COERENZA DELLE DOMANDE DI
CONTRIBUTO CON I PATTI DI SVILUPPO
DI DISTRETTO
I beneficiari presentano le domande di contributo per le
singole misure, sotto forma di progetti esecutivi che
devono riferirsi unicamente a quei Patti per lo Sviluppo
dei Distretti che ne prevedano espressamente la
realizzazione
I progetti devono,pertanto, riportare in originale il
parere preventivo di congruità con l’azione prevista dal
Patto di distretto, rilasciato dal rappresentante del
distretto di riferimento che lo sottoscrive.
NUMERO DI PROGETTI AMMISSIBILI
All’interno di ogni misura può essere presentato un solo
progetto con l’eccezione della misura 2a (Progetti di
ricerca, sviluppo e trasferimento tecnologico) per la
quale sono ammissibili fino a 3 progetti.
MISURA 1: CREAZIONE DI OSSERVATORI,
BANCHE DATI E CENTRI STUDI DI DISTRETTO
La Misura finanzia la realizzazione di:
• Osservatori Permanenti di distretto, concernenti
l’offerta e la domanda di materie prime, prodotti,
macchinari, attrezzature, servizi, personale, soluzioni
per la riduzione dell’inquinamento;
• Banche dati di distretto, inerenti le materie
dell’Osservatorio;
• Centri Studi e Ricerche di distretto, concernenti le
materie dell’Osservatorio e della Banca Dati.
Sono ammesse anche iniziative per progetti già
finanziati, purchè conclusi e rendicontati.

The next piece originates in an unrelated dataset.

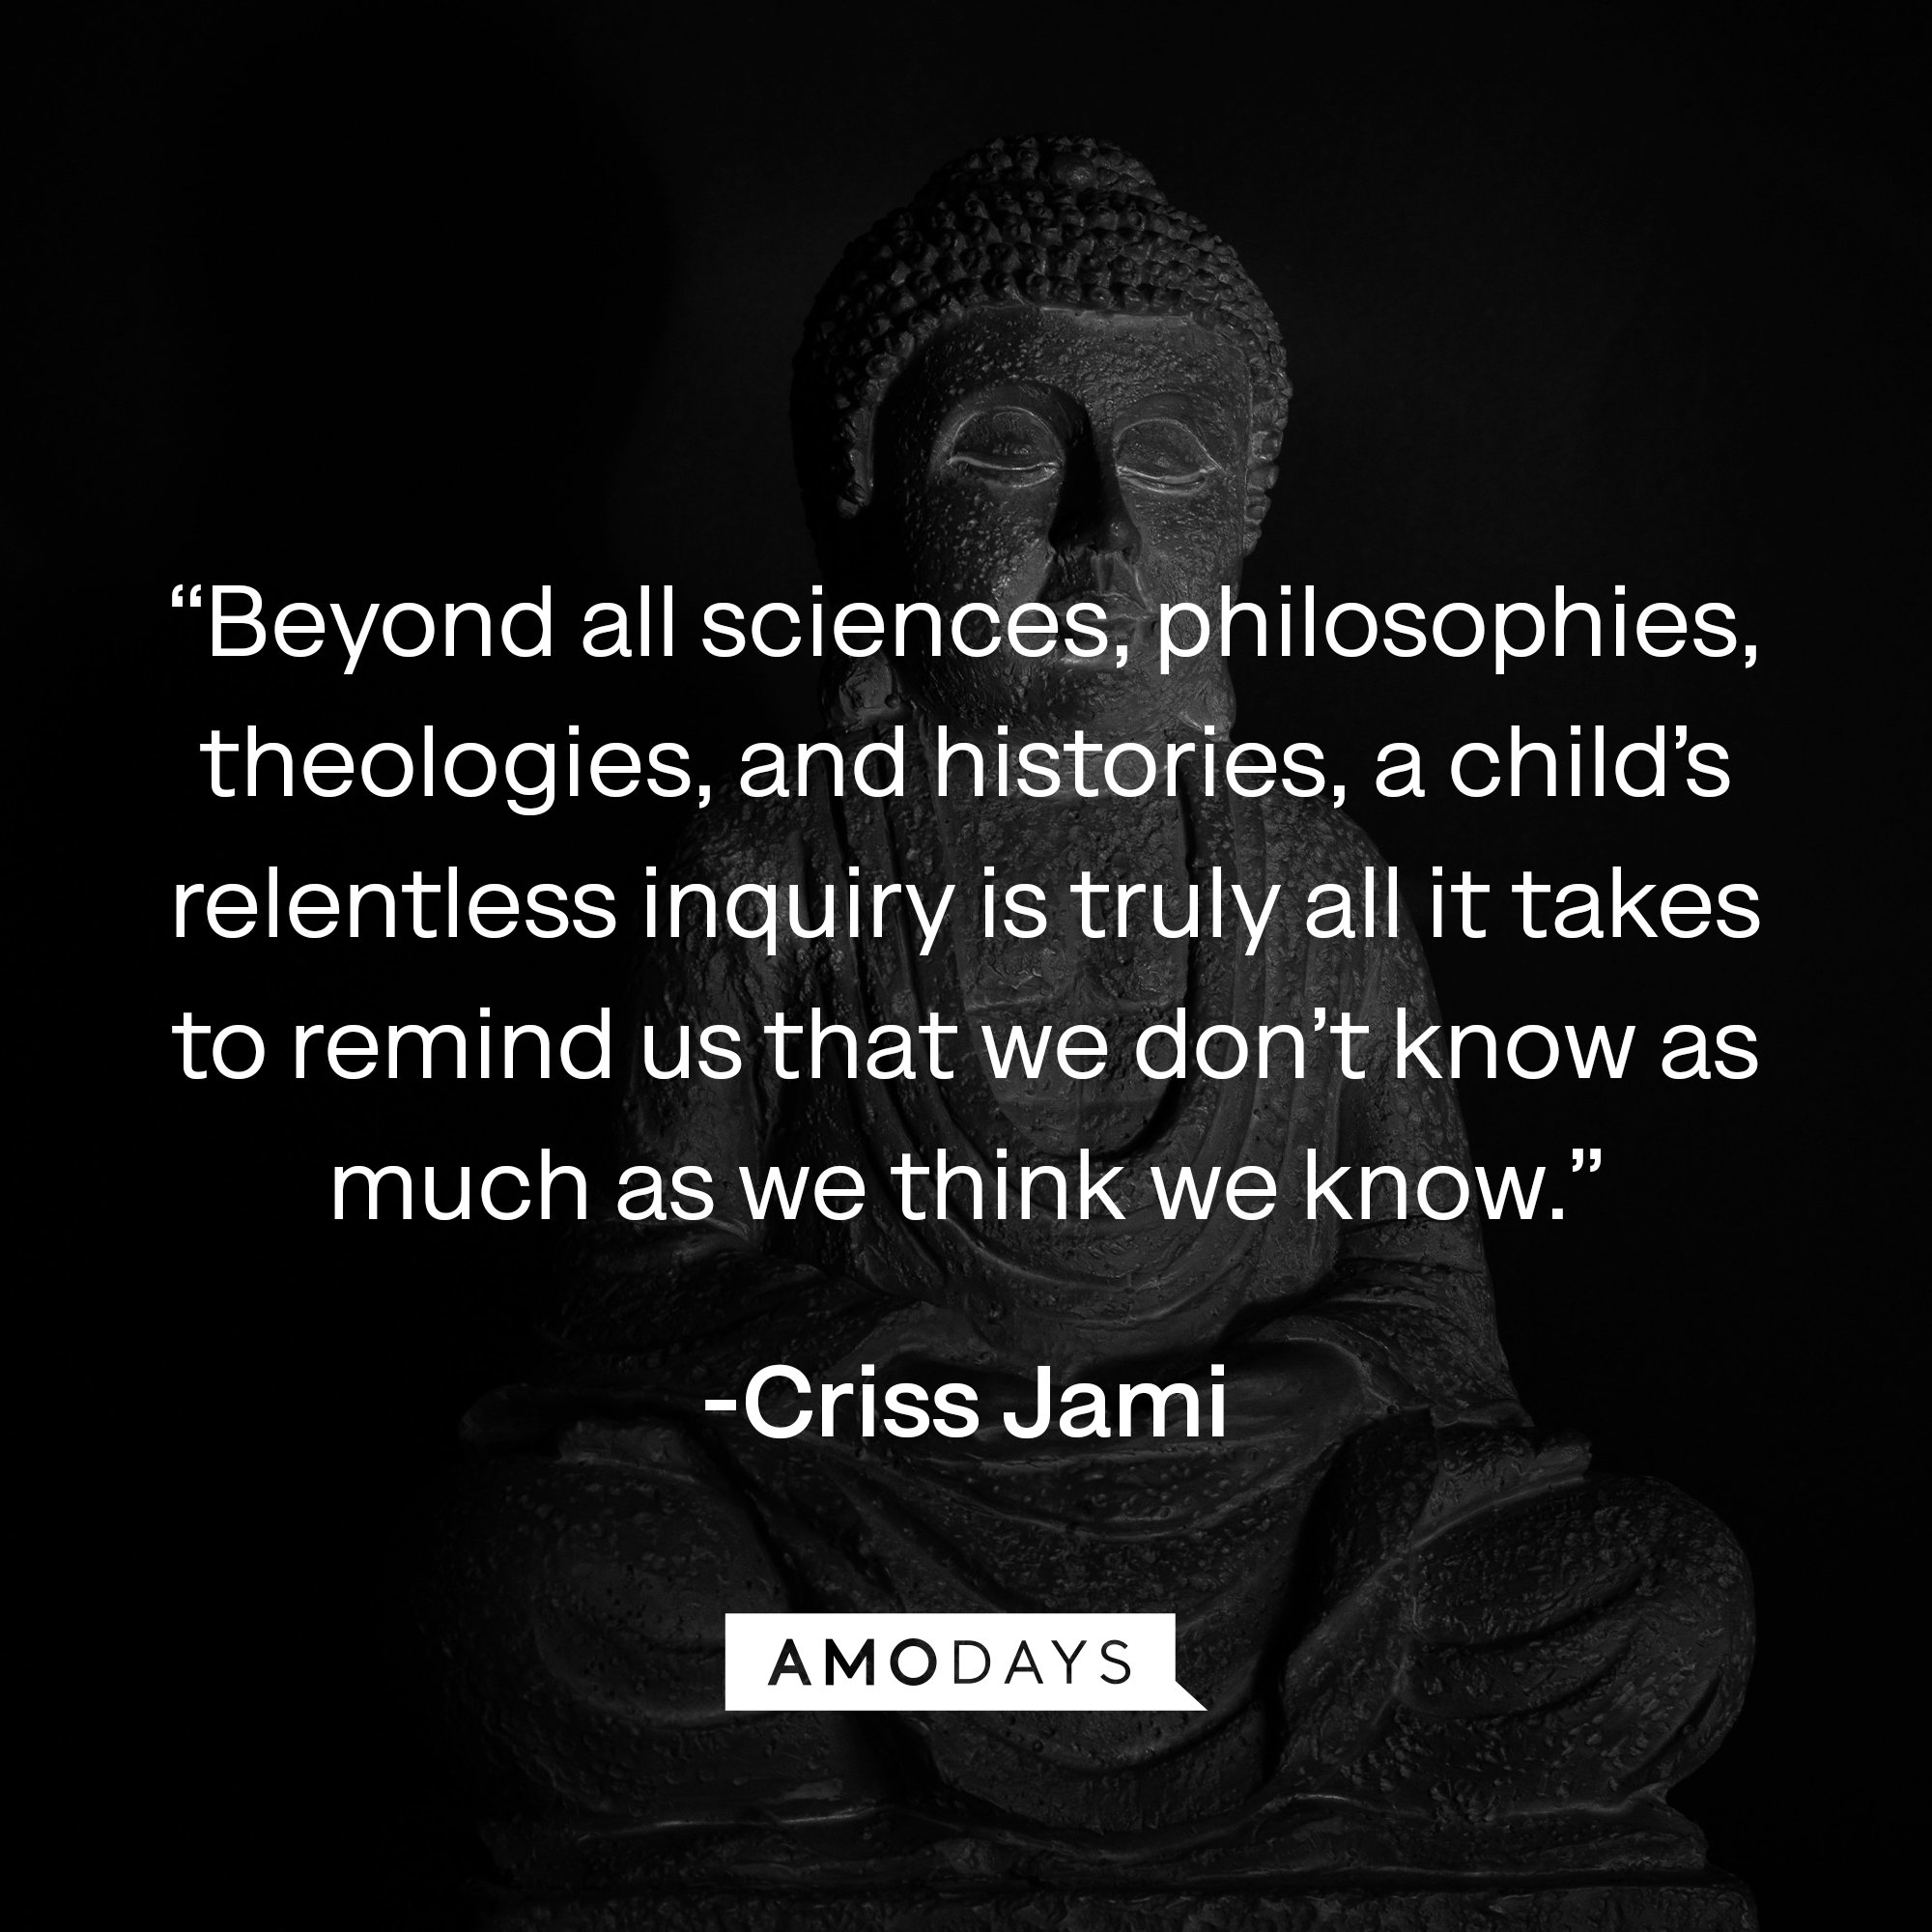 Criss Jami's quote: “Beyond all sciences, philosophies, theologies, and histories, a child’s relentless inquiry is truly all it takes to remind us that we don’t know as much as we think we know.” | Image: AmoDays

MISURA 1: CREAZIONE DI OSSERVATORI,
BANCHE DATI E CENTRI STUDI DI DISTRETTO
TIPOLOGIA DI SPESA AMMESSA:
• locazione locali
• personale impiegato “interno”;
• consulenze “esterne”;
• acquisto di hardware;
• acquisto di software;
• spese generali (max 15%)
Il totale della spesa ammissibile per ogni progetto della
misura potrà variare da un minimo di € 160.000 a
un massimo di € 480.000
MISURA 2a: PROGETTI DI RICERCA E
TRASFERIMENTO TECNOLOGICO
La misura finanzia la realizzazione di:
• Progetti di ricerca industriale miranti ad acquisire
nuove conoscenze utili alla messa a punto di nuovi
prodotti, processi produttivi o servizi, o ad introdurre
sostanziali miglioramenti qualitativi nei prodotti,
processi produttivi o servizi già esistenti;
•Progetti di sviluppo precompetitivo: miranti a
tradurre i risultati della ricerca industriale in un piano,
progetto o disegno funzionale a realizzare nuovi
prodotti, processi produttivi o servizi o a migliorarli
sostanzialmente se già esistenti, compresi i prototipi
non commerciabili ad esclusione delle modifiche anche
migliorative, di carattere ordinario o periodico apportate
a prodotti, processi produttivi o servizi.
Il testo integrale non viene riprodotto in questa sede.